高鑫哲仰面躺在地上,胸膛剧烈地起伏着。他的眼睛半睁半闭,瞳孔有些涣散,嘴角还挂着一丝干涸的血迹。他的右手还保持着按在阵法上的姿势,手指微微蜷曲,像是在梦中还在输送灵力。
小阿臻是最惨的一个。她蜷缩在冯铠身边,像一只受了伤的小猫,整个人都在发抖。她的灵力本就最弱,刚才那场持久到近乎残酷的灵力输出,几乎掏空了她的全部。她的脸色惨白,嘴唇发紫,额头上全是细密的冷汗。如果不是冯铠在最后时刻分了一部分灵力护住她的心脉,她恐怕早就撑不住了。
四个人,四具几乎被掏空的身体,散落在碎裂的阵法残骸中,像是一场惨烈战役后的残局。
天空之上,那道白色的身影开始缓缓降落。
白衣女修士抱着余小乐,从高处慢慢落下。她的衣袂在风中轻轻飘动,长发如墨,衬着那张清冷如月的面孔,像是一幅从古老画卷中走出的仙人。她的身上没有任何战斗后的狼狈——没有血迹,没有伤痕,甚至连衣角都没有褶皱。
刚才那场与怪物的激战,对她而言,似乎只是挥了挥手那么简单。
她平静地低头看着怀中的余小乐。
少年的身体已经恢复了人形,那些覆盖全身的黑暗肉球、那些扭曲的触手、那些残破的血肉,都已经被她的剑光剥离、斩灭、清除。他的脸色苍白得近乎透明,双眼紧闭,呼吸微弱得像一根即将熄灭的蜡烛。但他的胸口还在起伏,虽然缓慢,却没有停止。
他还活着。
女修士的目光在余小乐脸上停留了片刻,那双清冷的眼睛里,似乎有什么东西一闪而过——是疑惑?是探究?还是别的什么?太快了,快到没有人能看清。
她抬起头,看向地上的四人。
四个人,四张疲惫到极点的面孔,十四只眼睛(高鑫哲只睁了一只)齐刷刷地望着她。那目光里有敬畏,有感激,也有一丝劫后余生的恍惚。
女修士点了点头。
那点头的动作很轻,幅度很小,像是一个简洁的示意——你们来一个人。
高鑫哲看了看左右。冯铠还跪在地上起不来,年长的女人靠着岩石连动都不想动,小阿臻更是蜷缩着连眼睛都睁不利索。他深吸一口气,用尽最后一点力气从地上爬了起来,双腿还在打颤,但他咬着牙站稳了。
“我来!我来!”
他的声音有些沙哑,但语气里带着一种年轻人特有的积极和热切。他踉踉跄跄地走上前去,伸出双臂,从女修士手中接过了余小乐。

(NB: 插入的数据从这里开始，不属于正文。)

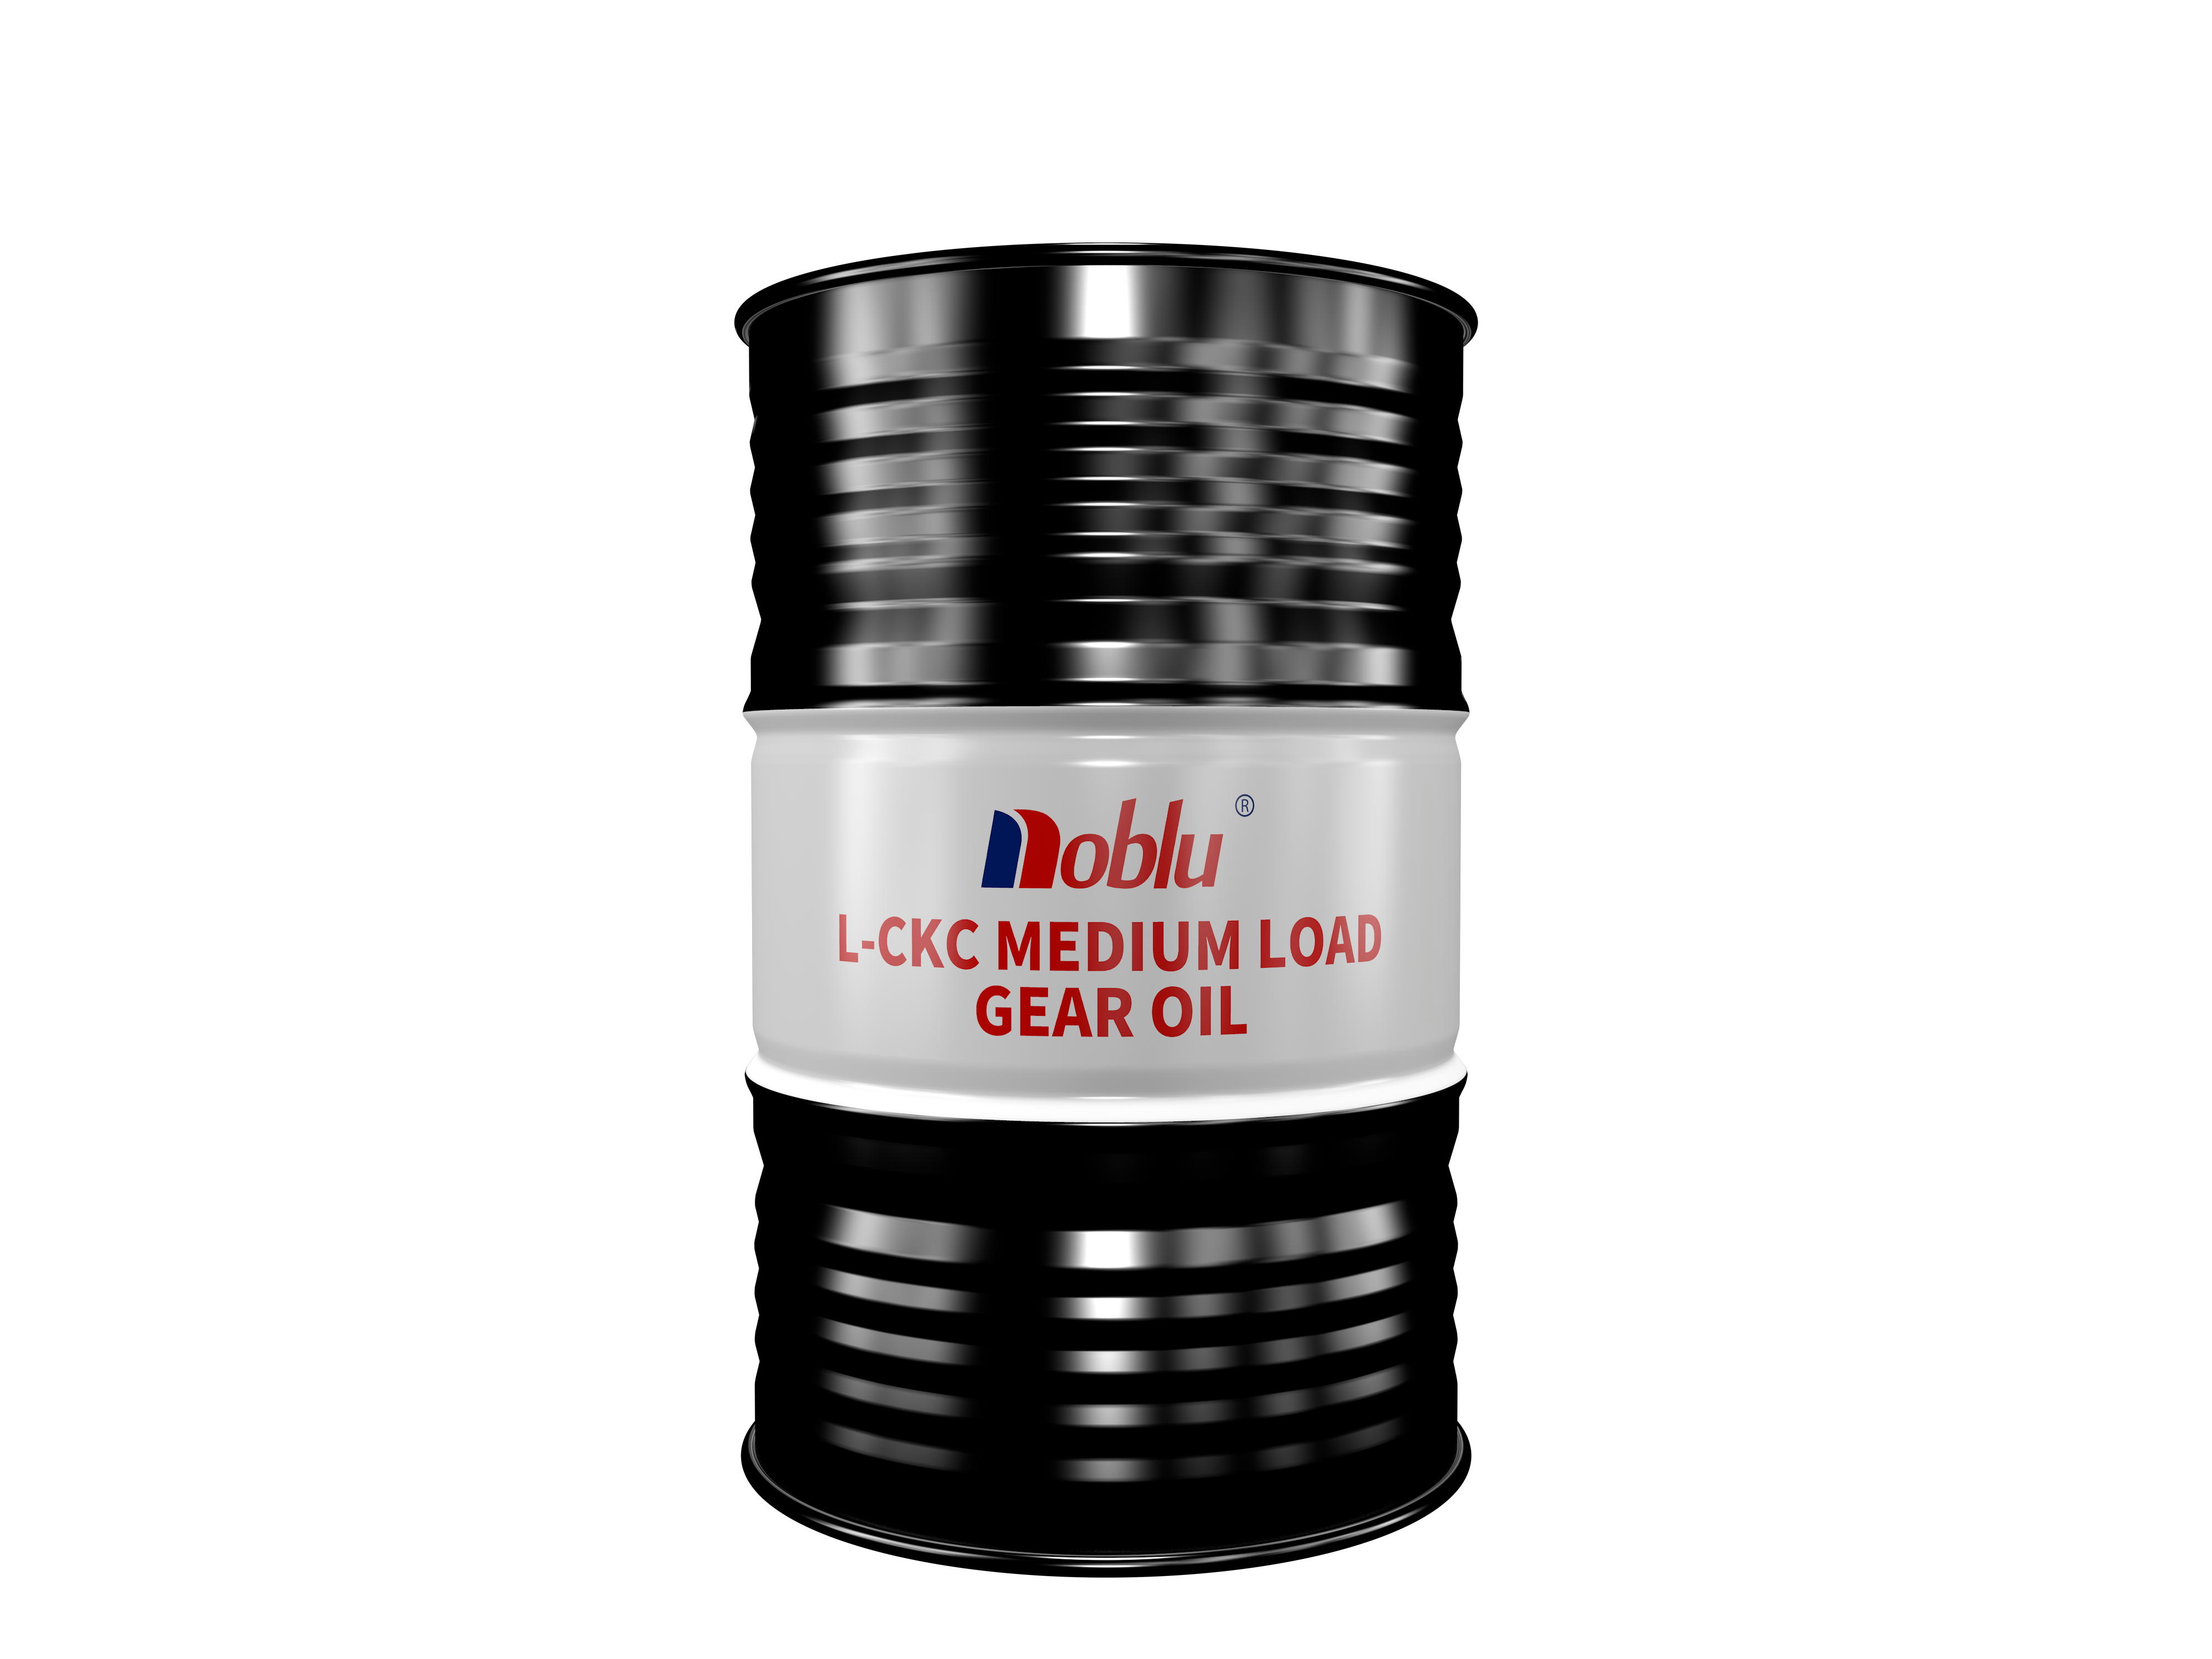 L-CKC medium load gear oil

余小乐的身体比看上去要轻得多。高鑫哲将他抱在怀里,感觉到怀中这个少年的体温低得吓人,像是一块刚从冰水中捞出来的石头。他的眉头微微皱了一下,但没有说什么,只是将余小乐抱得更紧了一些,用自己的体温去温暖他。
女修士的目光扫过众人。
四个人,四具灵力几乎耗尽的身体,散落在这片被黑暗笼罩的荒原上。她的眼中没有怜悯,没有同情,只有一种平淡的、近乎冷静的审视。那种目光不像是在看需要帮助的人,更像是在评估什么——评估这些人的价值,评估他们是否值得她出手。
片刻后,她伸手探入袖中,从储物袋里掏出了几枚灵石。
那些灵石与常见的不同,通体透明,内部流动着纯净的、几乎不含任何杂质的灵力光芒。它们悬浮在女修士的掌心,像是一颗颗被凝固的星辰,散发出温暖而柔和的光晕。

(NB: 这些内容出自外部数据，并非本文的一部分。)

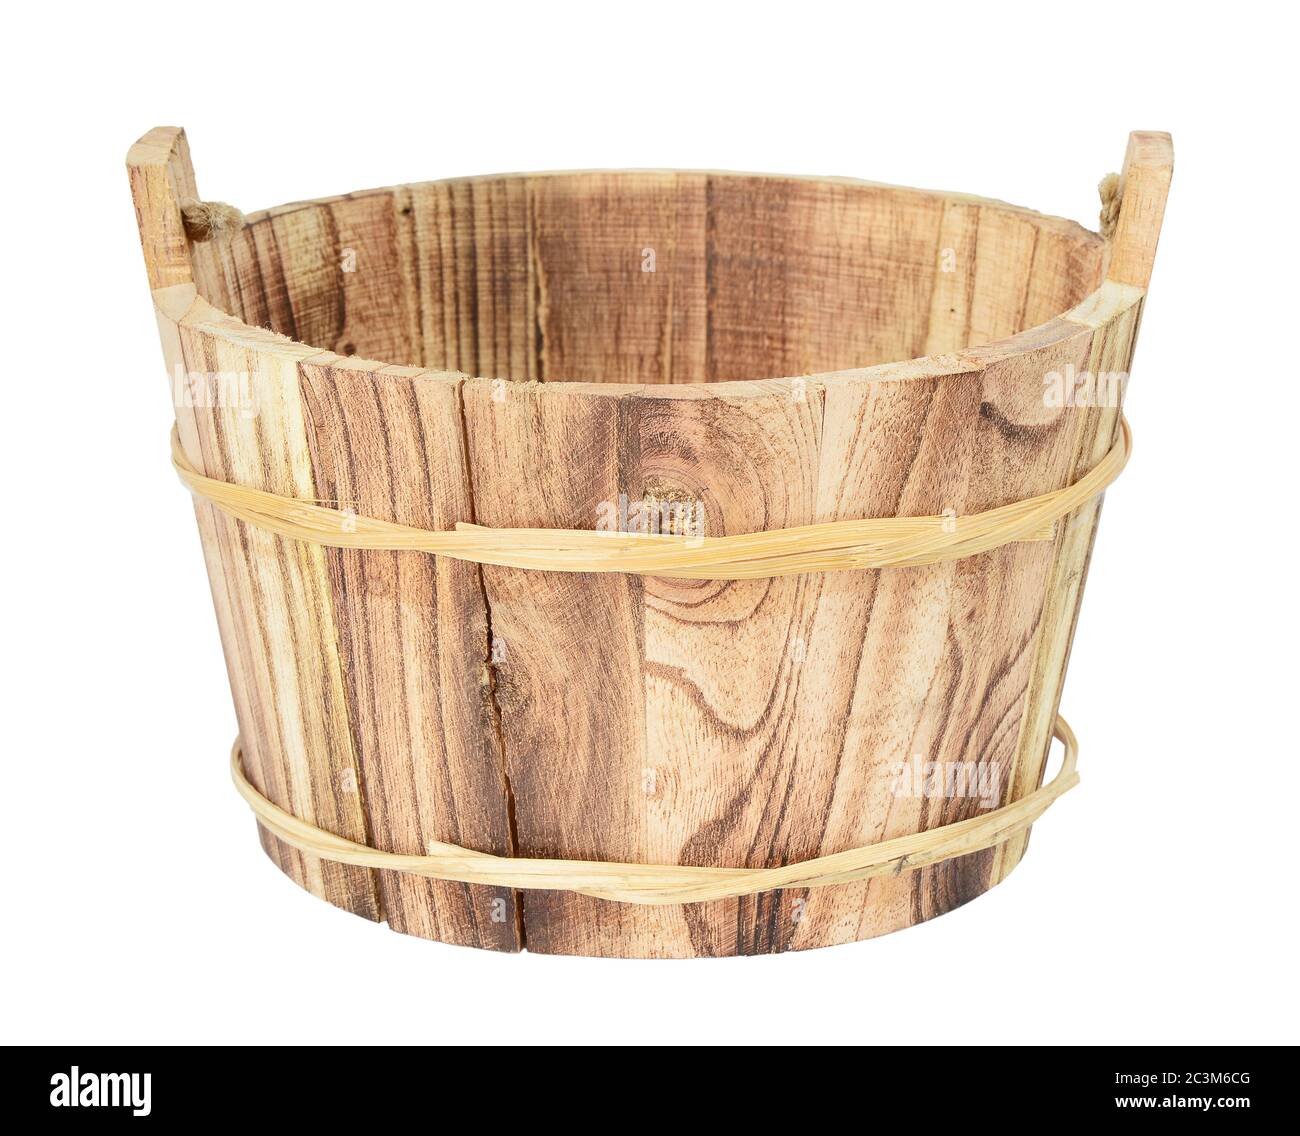 Secchio di legno, bacino, vasca o vasca isolato su fondo bianco Foto Stock

她随手一抛,几枚灵石精准地飞向了四个人,每人面前落下一枚。动作随意得像是在喂路边的野猫。
“这些东西无穷无尽。”她的声音清冷而平淡,像是在陈述一个与己无关的事实,“早些离去。”
她说完这句话,目光便从四人身上移开了。仿佛她与他们的交集到此为止,接下来他们要做什么、去哪里、是死是活,都与她无关。
但她的脚步没有动。
她站在原地,沉默了片刻。夜风吹起她的衣角和长发,在黑暗中勾勒出一道清冷的剪影。她的目光缓缓转回到高鑫哲怀中的余小乐身上,这一次,停留的时间比之前更长。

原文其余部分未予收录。